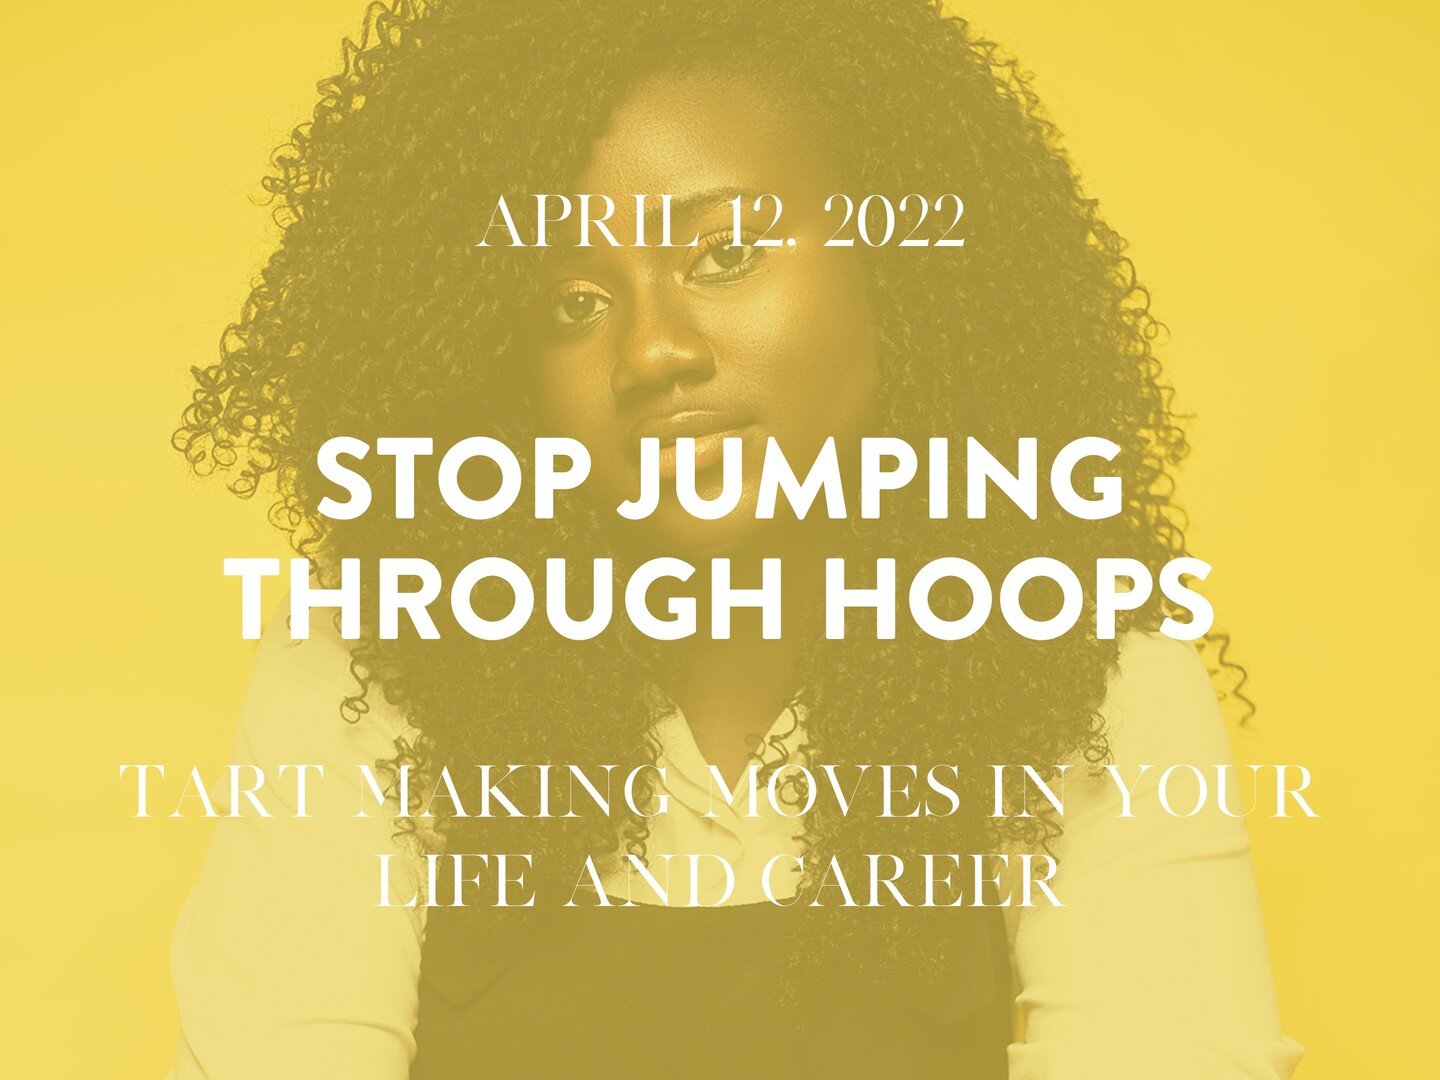 On this week&rsquo;s episode, we talk about people-pleasing and how you can stop jumping through hoops and start making moves in your life and career.

TVT: Home Edit

#podernfamily #podcast #podcastersofinstagram #blackpodcasts
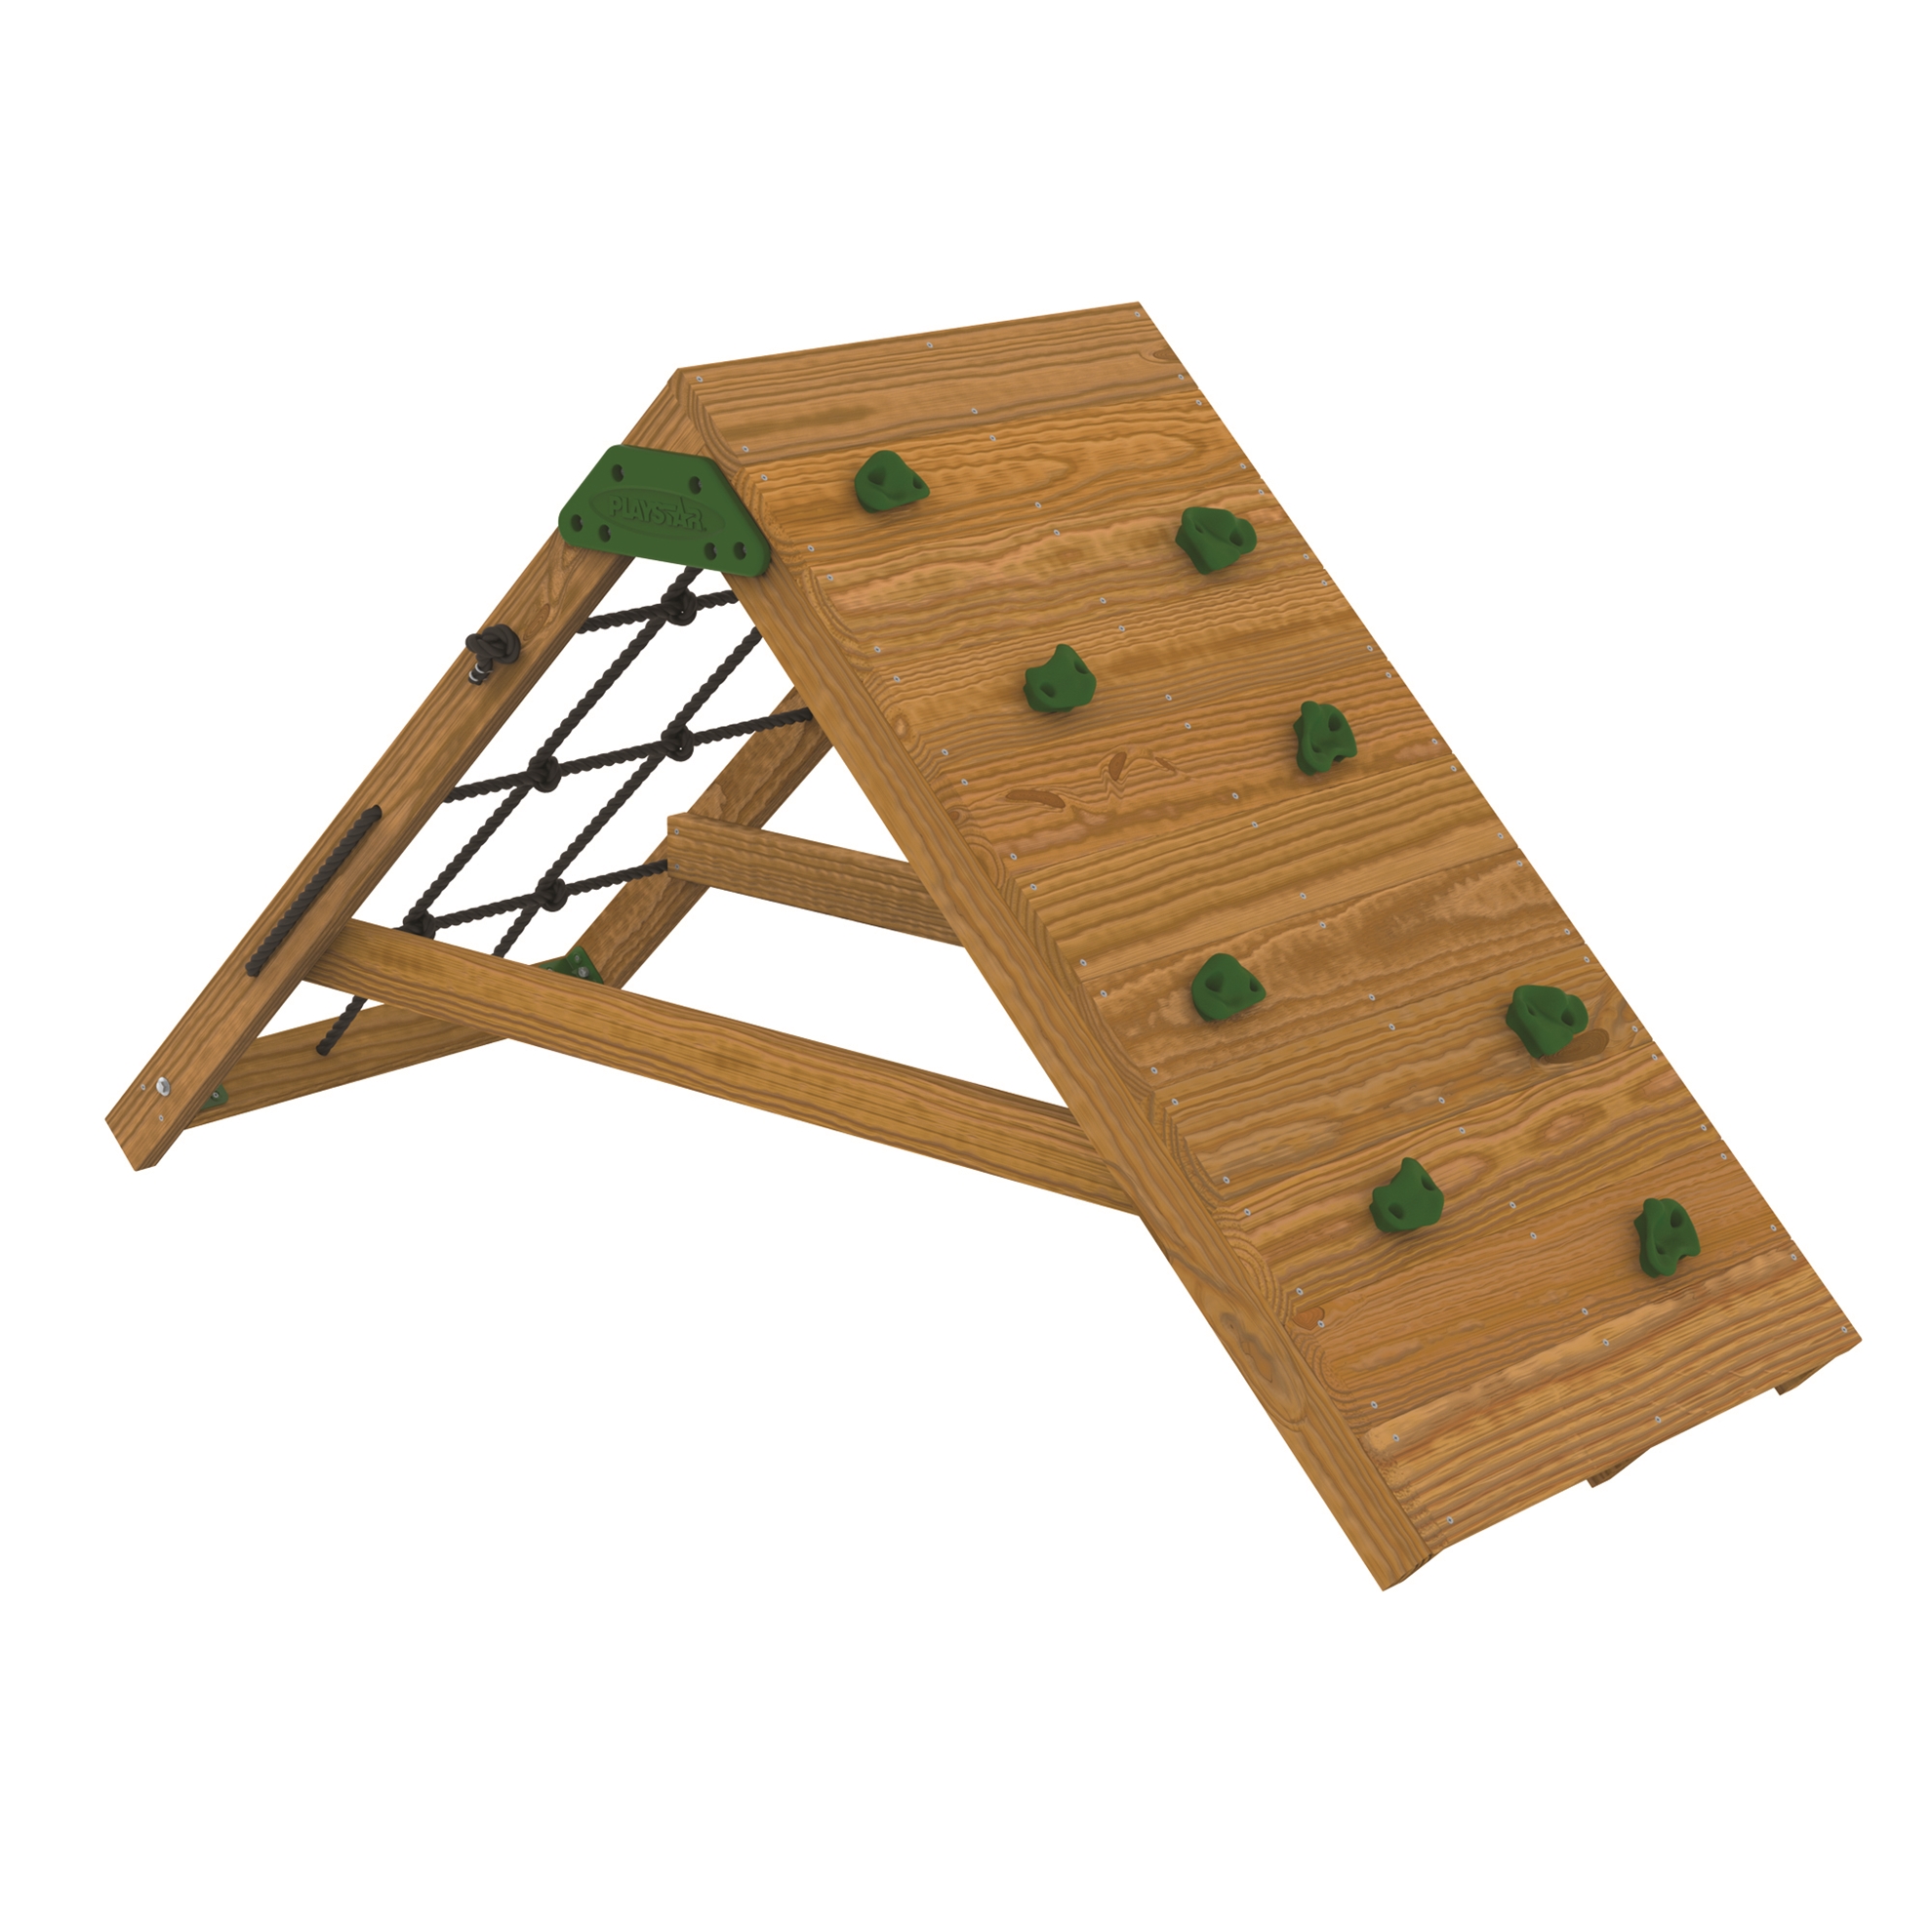 Picture of Ninja Obstacle Kit
——————
Once the pictures are removed, print all the remaining data exactly as it stands.

 On this week&rsquo;s episode, we talk about people-pleasing and how you can stop jumping through hoops and start making moves in your life and career.

TVT: Home Edit

#podernfamily #podcast #podcastersofinstagram #blackpodcasts
 Picture of Ninja Obstacle Kit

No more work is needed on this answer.